Теперь Каштанов повернулся, встретился с гостем глазами. Рихтер обнаружил, что взгляд, который он принимал за кроткий и угодливый, на самом деле волевой. Словно человек нарочно сдерживает эмоции и сознательно гасит взгляд. Каштанов смотрел не кротко, а тускло. Это только в сказках глаза драконов сверкают, в реальности рептилии глядят тусклыми глазами, перед тем как напасть.
— Угадали, это Медный рекомендовал заняться Ницше. Решил не спорить. Я вообще привык соглашаться с начальством, так проще.
— Странно жить в общежитии и заниматься Ницше. Не находишь?
— Здесь все так, Марк Кириллович.
— Не называй меня Марком Кирилловичем. Имени достаточно. И говори «ты».
— Вы старше меня намного.
— Так уж намного. — Оглядел серое морщинистое лицо Каштанова, спросил: — Тебе сколько лет?
— Сорок один год исполнился. Припозднился с докторской.
— А чем раньше занимался?
— На ГОКе работал. На Украине.
— ГОК — это что такое?
— Горно-обогатительный комбинат.
— Невероятно. И потом Ницше?
— Потом в Челябинск вернулся, в летное училище поступил. Летать хотел.
— Ну и биография.
— Бердяева стал читать. Друг по училищу дал книгу, я увлекся. Самопознание. Философия свободы.
— Удивительная у тебя жизнь.
— Обычная. Люди ищут, где лучше.
Сказать на это было нечего; Марк Рихтер сам искал, где лучше. Впрочем, подумал он, это раньше я искал, теперь нет.
— Вовремя с Украины уехал, — сказал он вслух, — успел до войны.
— Никто про войну тогда не думал. Хорошо жили. Европейцы вкладывали деньги в производство. И британцы много вкладывали. Просто подумал, что пилотам платят больше.
— Потом решил, что философам еще больше платят? Но почему Англия? Ехал бы в Швецию. Там социализм.

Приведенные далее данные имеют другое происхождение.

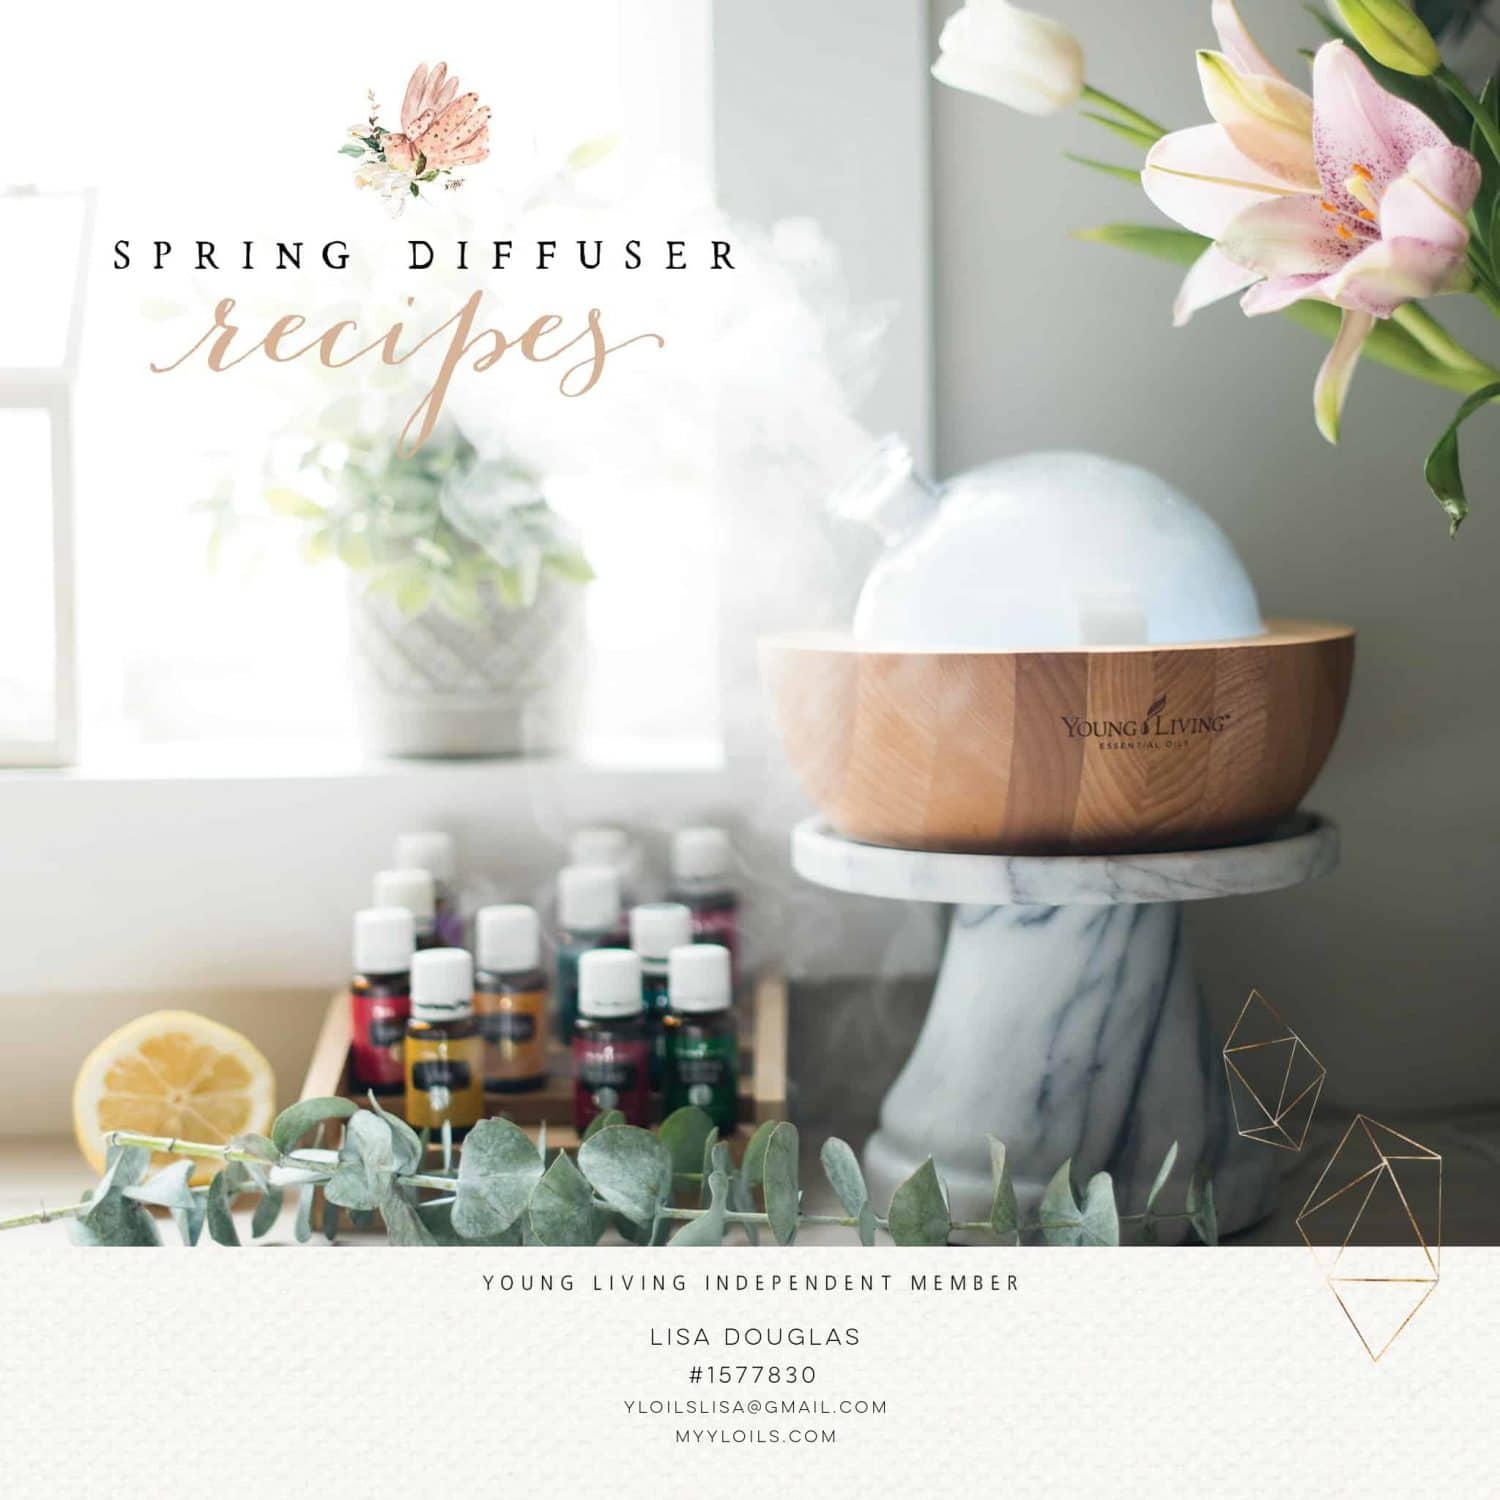 Spring Diffuser Recipes with Young Living Essential Oils

— Вы и сами в Англию поехали.
— Верно.
— Оксфорд. Звучит. Из провинции — как поедешь, так уже не остановишься: сперва в Питер или в Москву, поживешь там на окраине, оттуда в Англию. Разве я один уехал?
— Хорошо поддел. Все поехали. Сейчас, кажется, многие возвращаются?
Есть такой закон: больные всегда норовят узнать, кто, кроме них, еще заболел: им становится легче оттого, что мор повальный. А неудачники хотят узнать о неудачах других.
— Информацией не владею, — сказал рассудительный Каштанов. — После крымских событий сюда приехало много народу, после Брекзита стали обратно уезжать. Примеры знаю.
— Расскажи.
— Вряд ли будет интересно. Знакомая приехала в Лондон. Из России уехала вместе с коммерсантом, который давал работу. А коммерсант вернулся обратно, открыл фирму в Сочи. Куда знакомой деться? Сорок пять лет, без мужа, дети в школе, уже есть квартира. Комната в подвальном этаже. В Пскове завидуют (родом из Пскова, забыл сказать), называют ее «средним классом».
— Понятно. — Из рассказа Каштанова он запомнил только, что одинокой женщине сорок пять лет и ее дети ходят в школу. Как моя семья, подумал он.
— Общей статистики нет, — Каштанов подвел итог. — Коммерсант уехал, бухгалтер остался.
— Значит, те, что приехали, и те, что уезжают, — разные люди?
— Много богатых уехало.
— Откуда известно?
— Теперь отношения с Англией плохие. Раньше здесь воры прятались. Потом сказали, что только тех олигархов, кто сдает государственные секреты, здесь оставят. Надо выбрать.
— Однако у тебя богатая информация.
— Говорят, у олигархов дома отнимают. Сам сведений не имею, мне мусорщики рассказывали. Они откуда-то знают, а в газетах про это не пишут. У меня знакомых олигархов нет.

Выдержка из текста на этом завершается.